In the 1880s, Danish explorer Gustav Holm paid a visit to Ammassalik Island on the craggy east coast of Greenland, and there met a village of Tunumiit Inuit. He wintered with them, and gathered notes from them about parts of the coast he hadn’t visited. After a while, one Tunumiit man presented him with a set of maps of the coastline a little further down. They consisted of flattened pieces of wood, with deep grooves and teeth carved into them to represent the inlets, points, and islands along that stretch of coast. He mentioned that maps like that were often made to acquaint people with coastline they hadn’t visited, or to tell stories where the characters’ locations and changing viewpoints of the land were important.
If this seems like an unnecessary length to go to in order to tell a story, it’s worth knowing that in the Inuit language family, orientation to places is a very exacting and constantly practised science: where English has here and there, the Inuit system has fully 80 words, and there is no way to say simply ‘there’ without specifying who it’s there relative to; whether it’s up, down, or over there; whether the shape of there is roundish or longish; and how the thing that’s there is or isn’t moving. Likewise, the stretch of coastline represented on the carving is apparently curvier than the medium allowed the carver to show, but here again it is necessary to consider that the old Inuit way of understanding space is very different from the Western one.
After enough change, it’s not enough just to redraw the borders on a map; it becomes necessary to entirely reimagine what a map even is.

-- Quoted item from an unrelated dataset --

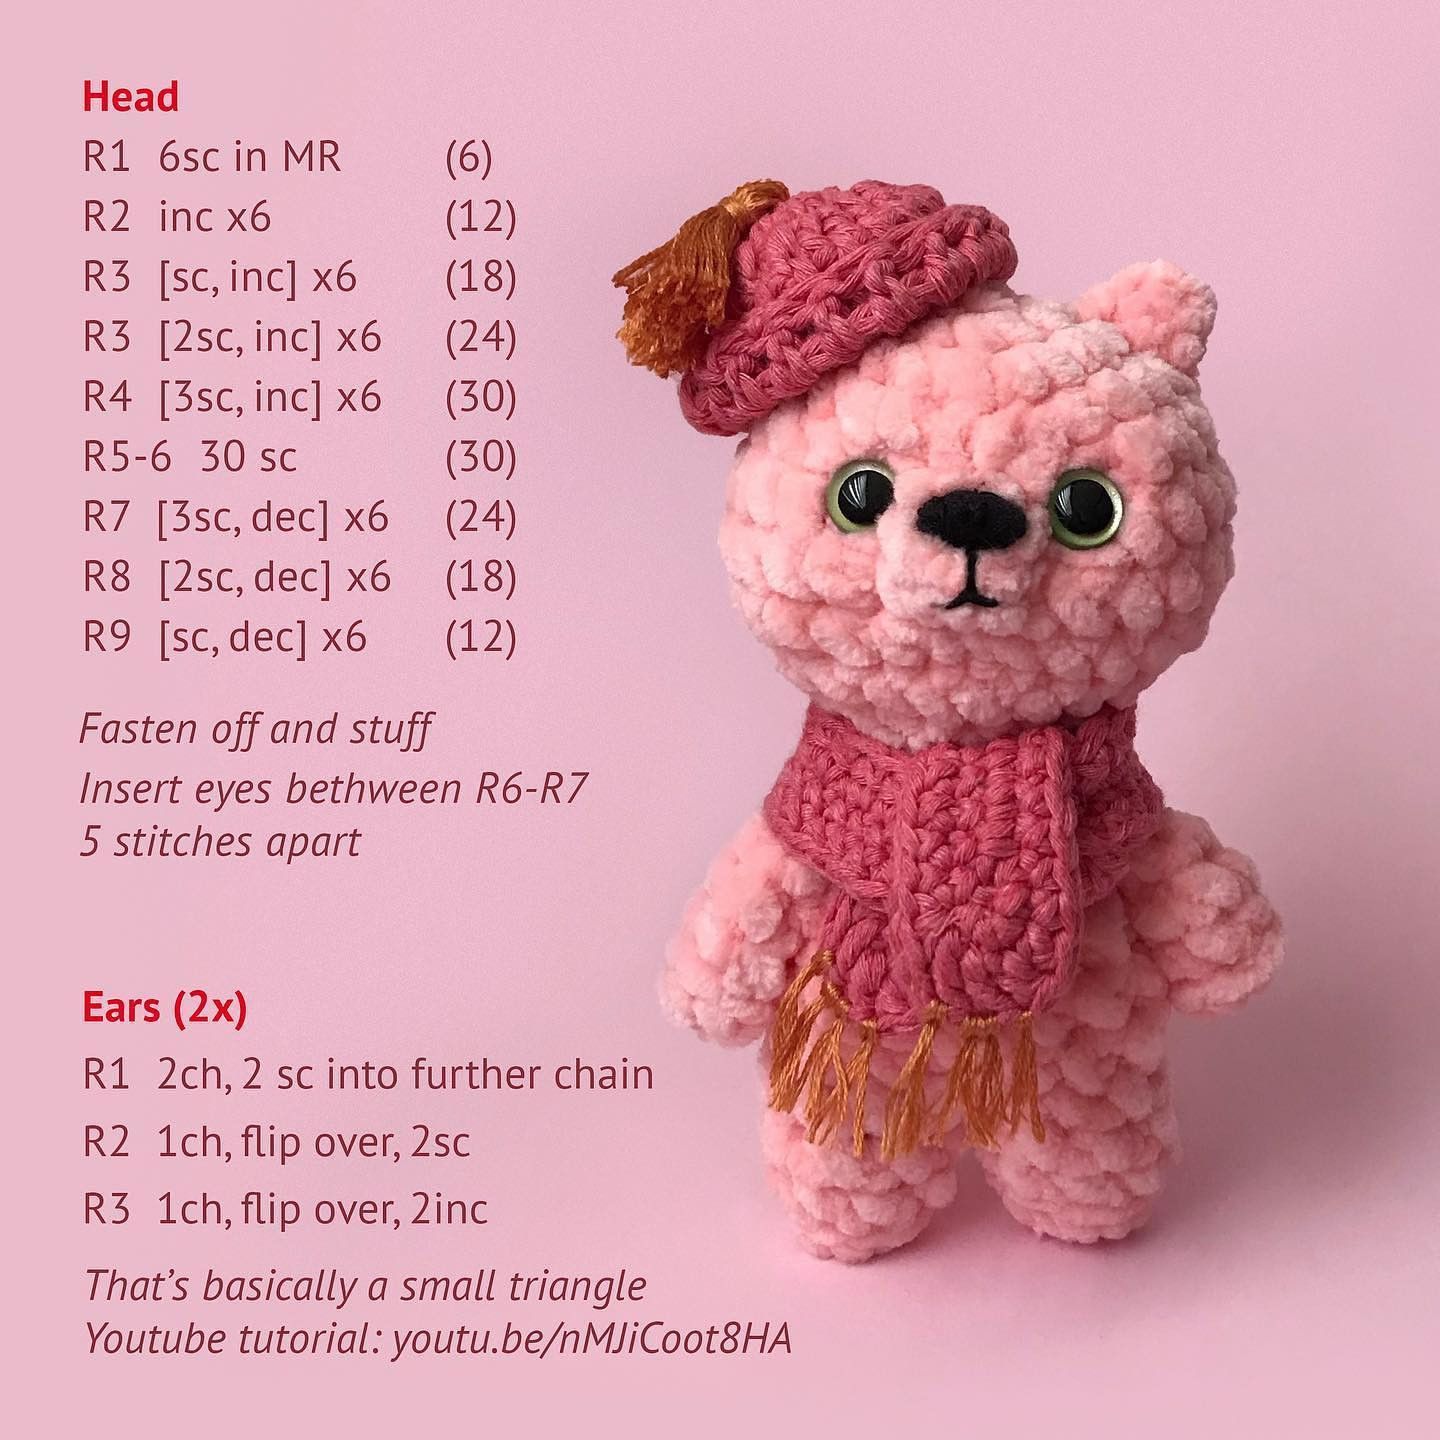 Crochet pattern of a pink bear wearing a hat and a scarf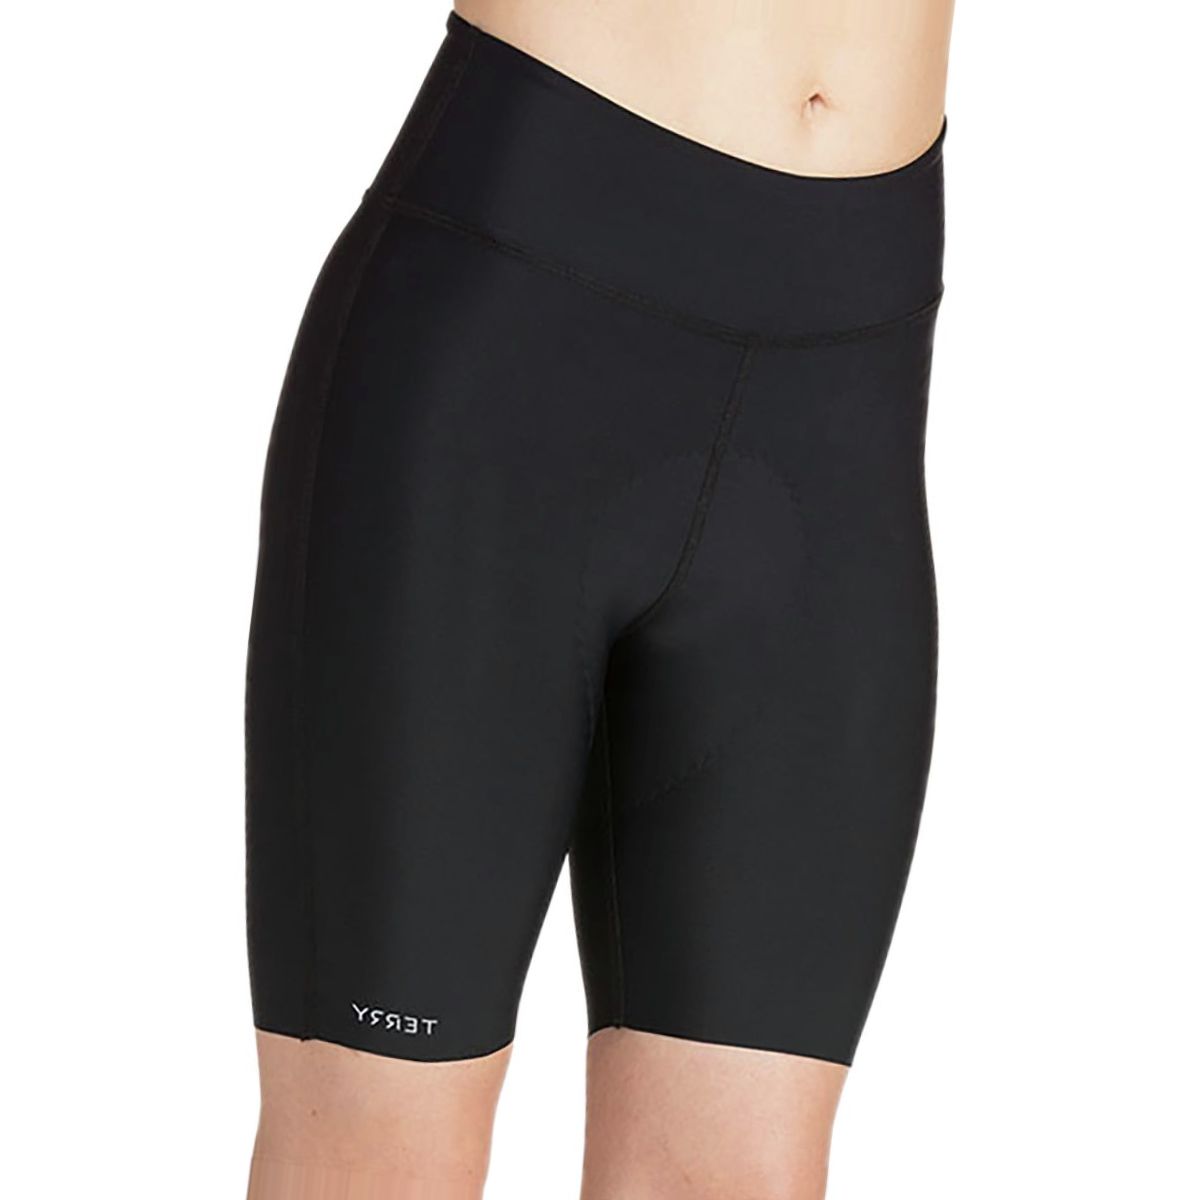 Terry Bicycles Chill 7in Short - Women's

A different visitor some decades ago handed some photographs to his Inuit hosts, and found it strange that they looked at them without turning them to orient ‘down’ toward them. It transpired that the Inuit, including the children, also found him a bit loopy and possibly slow-witted for always turning pictures a certain way before looking at them, and that when they put pictures up on their walls, they tacked them happily any which way, with no impediment to understanding them. Drawings from 1920s Inuit are a Cubist-postmodern mindwarp of shifting horizon lines and perspectives, all invented without benefit of Western art schools.
In fact cultures around the world, especially before the homogenising dominion of globalisation, have maintained very different spatial worlds for probably as long as human beings have organised themselves into different cultures. Australia is particularly rich with highly non-Western ways of understanding space. Among the Thaayorre of the northern coast, for instance, there is no word for ‘left’ or ‘right’; instead all orientation is done according to compass points, so that you might tell someone, ‘Your southeast shoe is untied.’ Furthermore, in the Thaayorre language, the usual way to greet someone translates as ‘Which way are you going?’ and the proper response is along the lines of ‘West-northwest, in the middle distance,’ so that if you don’t know which way you’re pointed, you can’t even negotiate ‘hello’.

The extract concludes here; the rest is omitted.